Return exactly the run of lines that begins at the line containing "ayurveda nutritional medicine" and ends at the last line of the material below; pictures stay out.

GIVEN DATA:
---+---

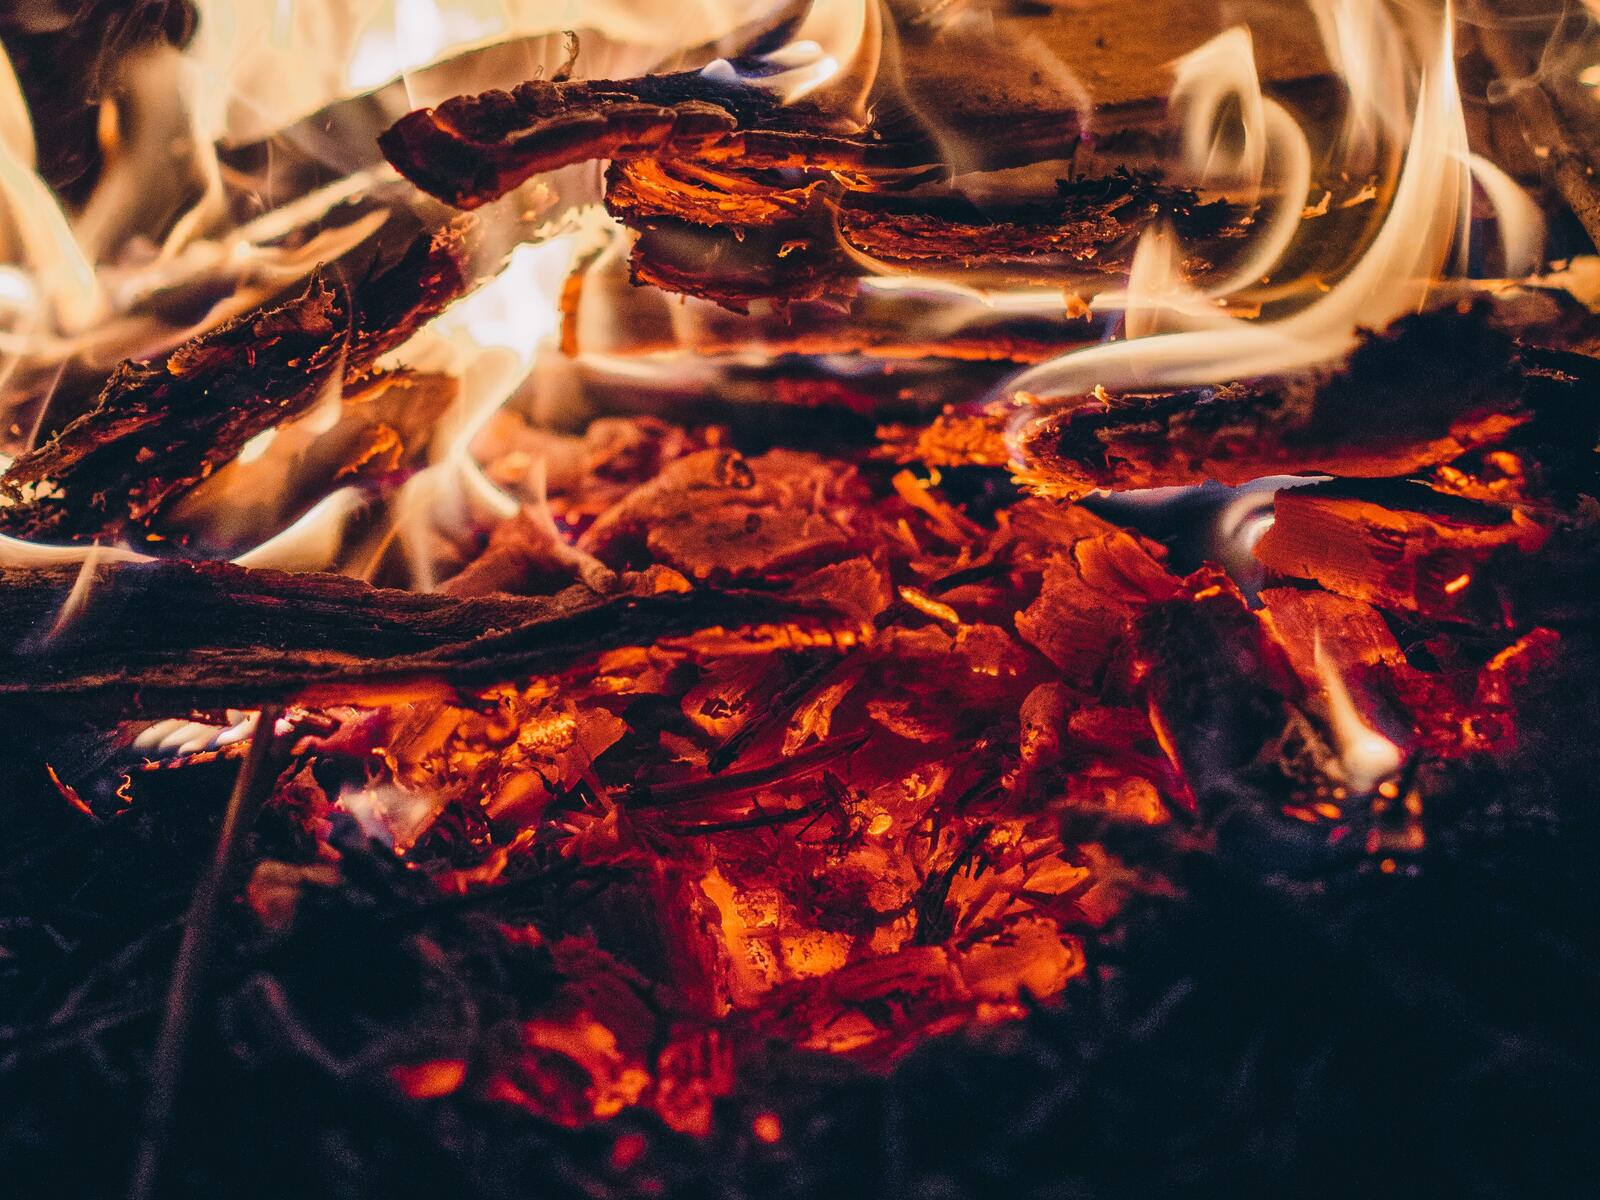 Бесплатное фото Деревяшки тлеющие в огне
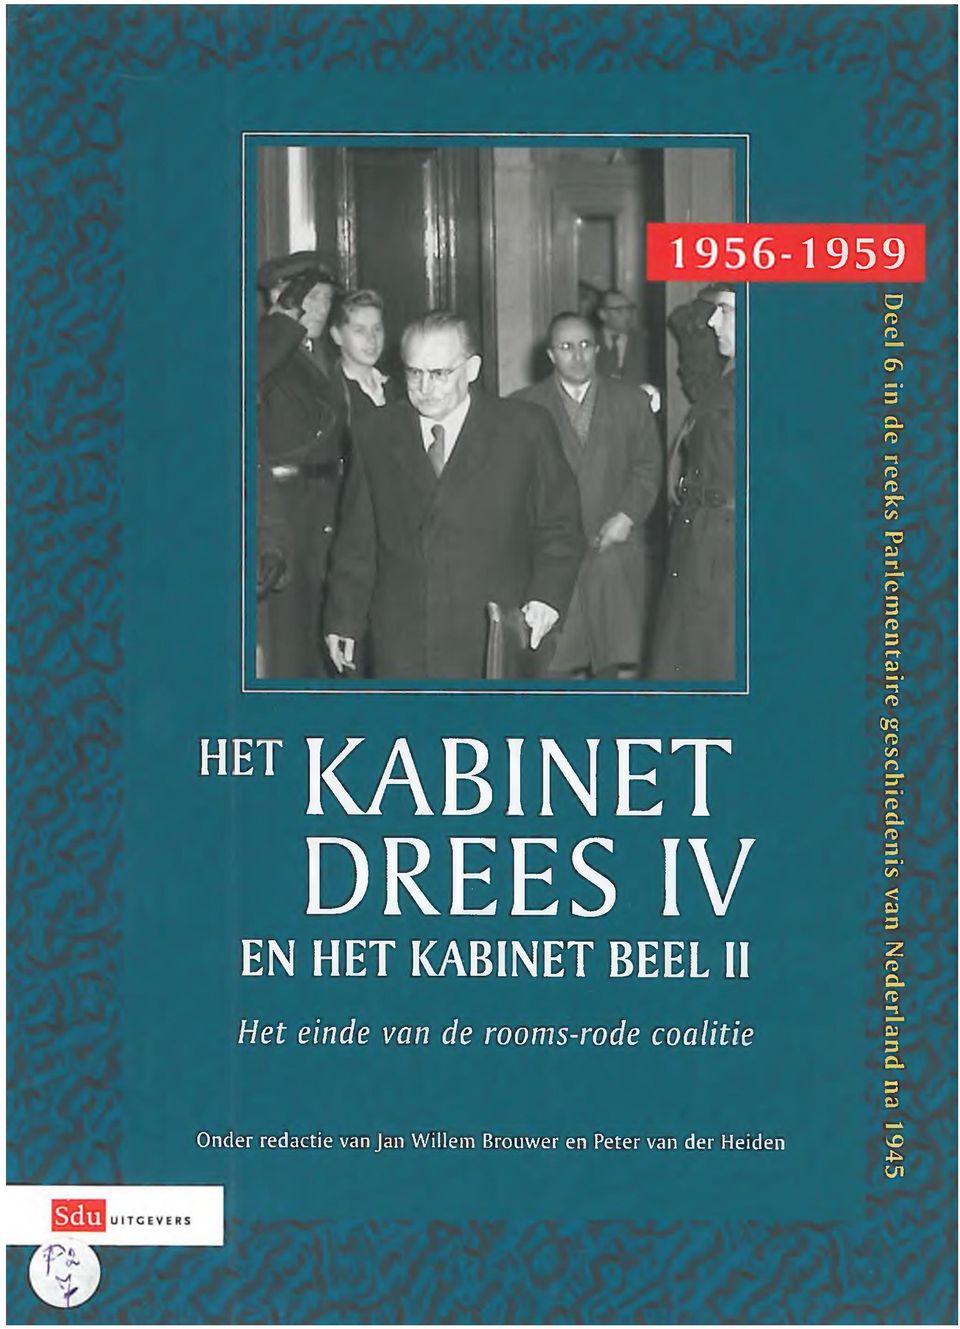 Willem Brouwer en Peter van der Heiden 1959 Deel 6 in
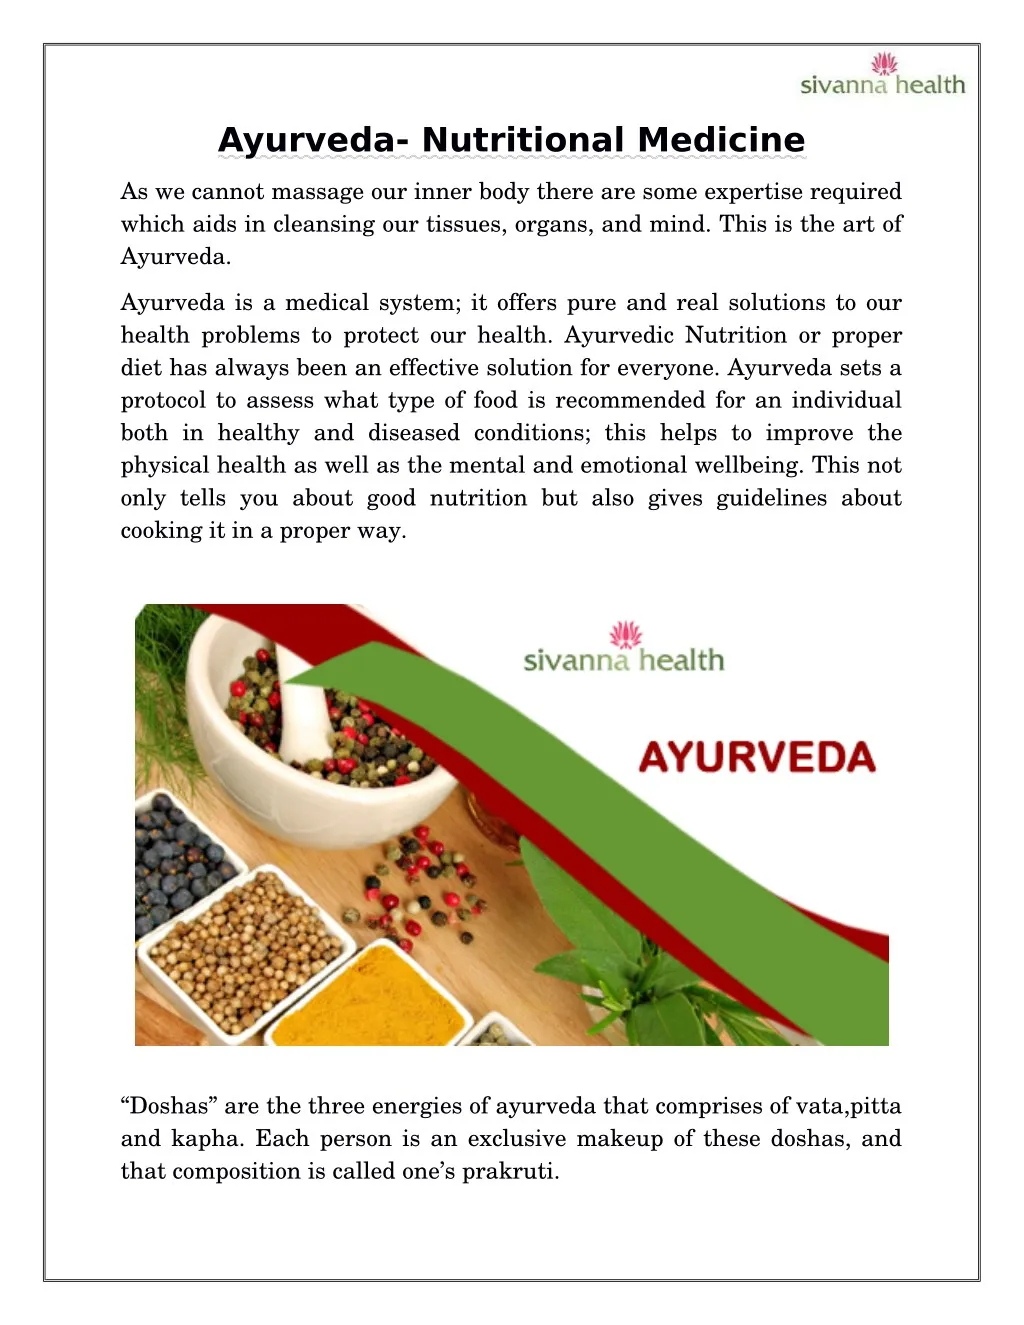 ayurveda nutritional medicine
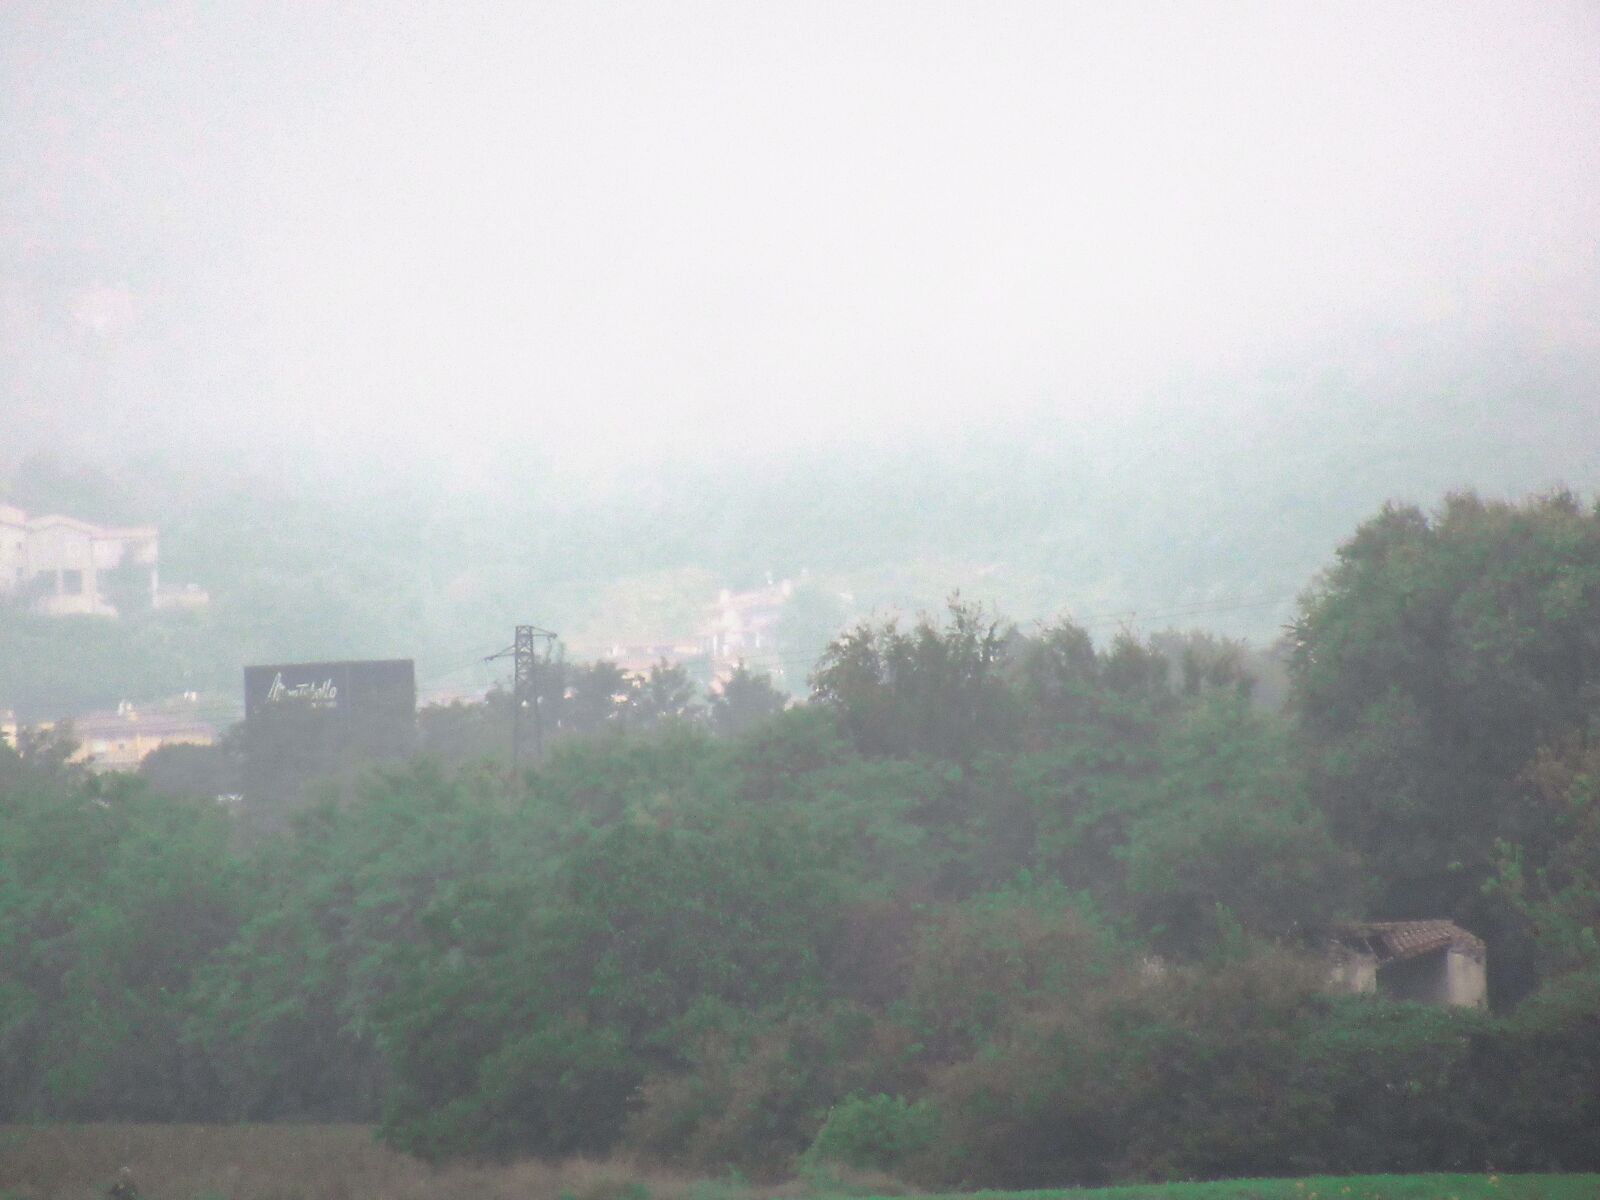 Canon PowerShot SX620 HS sample photo. Castle, fog, landscape photography

---+---

TASK OUTPUT:
 ayurveda nutritional medicine
 Canon PowerShot SX620 HS sample photo. Castle, fog, landscape photography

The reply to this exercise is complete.